Friday, June 10, 2011

Former Carmel Student Files Federal Lawsuit Over Hazing Incident; Is Federal Court the Right Venue?

The Indianapolis Star reports:
The family of a former Carmel High School student who says he was assaulted on a basketball team bus has filed its long-awaited federal lawsuit against Carmel Clay Schools, saying school officials were negligent in failing to prevent the attack.

The suit, filed Tuesday in U.S. District Court in Indianapolis, describes the assault as "flashing of (sexual organs) and buttocks, verbal and physical intimidation, groping and numerous acts of violent, sexual assault and battery." Two former Carmel basketball players, Robert Kitzinger and Brandon Hoge, were charged with misdemeanors in the incident and since have pleaded guilty through an agreement with prosecutors.

The lawsuit seeks unspecified damages, but Indianapolis attorney Robert Turner said his clients were seeking at least $2.25 million, the figure set in an earlier tort claim informing the school district of the family's plans to sue.

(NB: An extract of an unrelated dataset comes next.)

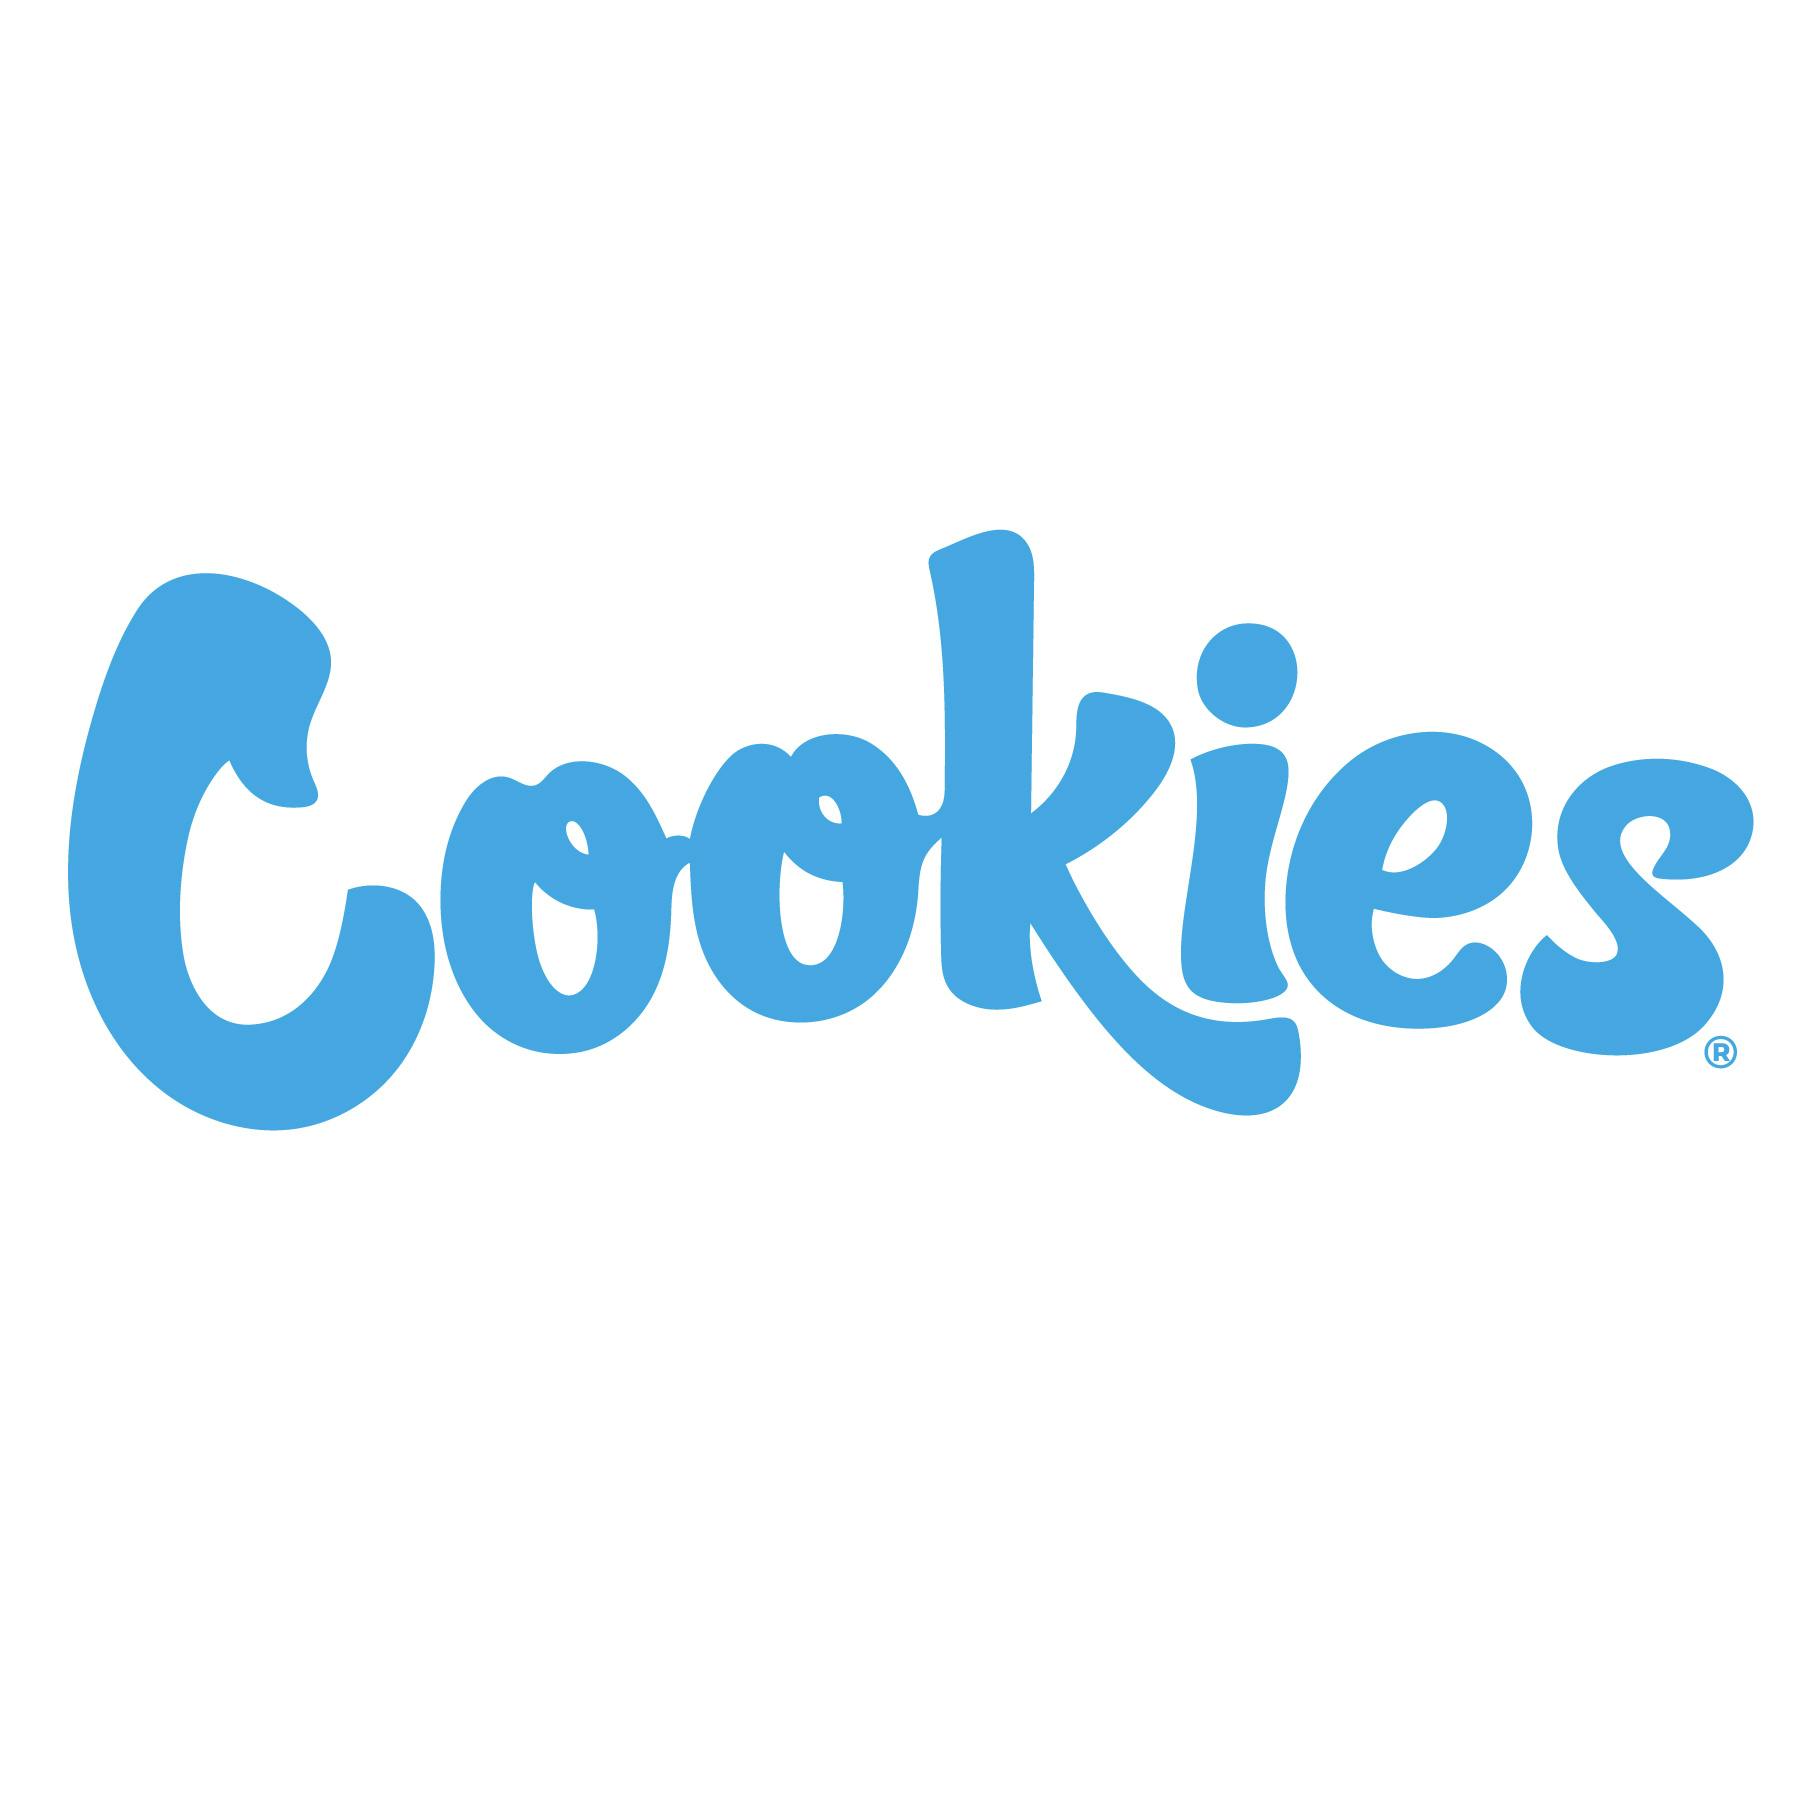 Cookies Oxford logo

In the lawsuit, Turner claims the boy, identified only by his initials in court documents, had been a target of "bullying, harassing and assault in a highly sexualized nature, at the hands of upperclassmen members of the basketball team."

The suit maintains that the school district was negligent in training coaches, who Turner says knew of the abuse before the incident and ignored the boy's screams for help on the bus.
To see the rest of the article, click here.

I have a lot of respect for Robert Turner, both as former public safety director and as an attorney.  I certainly believe the kid who was attacked should be compensated for what happened to him.  However, the attorney in me has to wonder about the choice of federal court for this lawsuit.

The federal court has an easier summary judgment standard than does the one employed in state courts.  While in theory the difference is only slight, in practice the slipper slope of decisions over time has resulted in the difference growing to the size of the Grand Canyon. In state courts, summary judgment is rare and litigants usually get their day in court.  In federal court, summary judgment has become so common that defendants generally won't even consider settlement until after summary judgment.  Summary judgment now seems to be nothing more than both sides putting their evidence on the table, and the court determining which case it likes better.  That's not how summary judgment is supposed to work, but unfortunately that is the way it is too often working.

But it gets worse.  The United States Supreme Court a few years ago handed down a couple cases,  Ashcrof v. Iqbal and Bell Atlantic v. Twombley, where the Supreme Court approved the dismissal of cases for not being pled adequately.  Unfortunately some of the federal court have misinterpreted these narrow, fact-based rulings to open the door for defendants to make exhaustive and groundless challenges to whether a complaint has been pled adequately, often challenging every fact in a complaint and citing to summary judgment cases in support for their claim that the facts are inadequate to support the claim.  While the 7th Circuit has made clear that the federal standard is still notice pleading, the district court is still allowing these harassing and baseless pleading challenges to be made by defendants, increasing substantially the time attorneys for the plaintiffs have to defend on a matter - the adequacy of a complaint - that used to be a slam dunk.

It should be noted that in a case handed down last year, Skinner v. Switzer, the United States Supreme Court never even mentioned Iqbal and Twombley in a challenge to the adequacy of a complaint.  The Court instead reiterated that the federal standard is that all that is required is to put the defendants on notice of the claim.  I have little doubt that the Court is concerned about the misapplication of Iqbal and Twombley by some federal courts.

Then you have the issue of discovery.  The local federal rule is that when there is a "discovery dispute" you're supposed to confer to try to work out the dispute.  Many law firms representing defendants will never answer any discovery initially because they know they know the local rule protects them.  Instead, they will use the rule to require the plaintiffs to explain in detail why they need every piece of discovery before they will provide it.  Discovery is already very time-consuming.  The local rule has the unfortunate impact in many cases of multiplying that by a factor of 2 or 3,, the time involved in discovery.  The federal magistrates and judges, with the notable exception of Judge Larry McKinney, don't seem inclined to crack down on discovery abuses.

Although I haven't seen the complaint, Turner has undoubtedly made a federal civil rights claim.  Maybe that was his only route to go given the lack of teeth in Indiana's civil rights law.   Still I would have worked overtime to find state-only legal theories to keep it out of federal court.

I'm not the only attorney who believes state court is the better venue for the "little guy" seeking redress against a deep-pocket defendant.   I ran into one of  the top civil rights attorneys in Indianapolis.  He said that federal courts favor defendants and the big law firms, and that whenever possible he pleads to avoid federal court because he believes he will get a more fair shot with the more political state court judges.  Interesting.  Federal courts, which were once seen as the protector of the little guy, are not always viewed that way any longer.

1 comment:

Cato said...

"In state courts, summary judgment is rare"


If it is rare, it's only comparatively so, as government defendants nearly automatically win a motion to dismiss.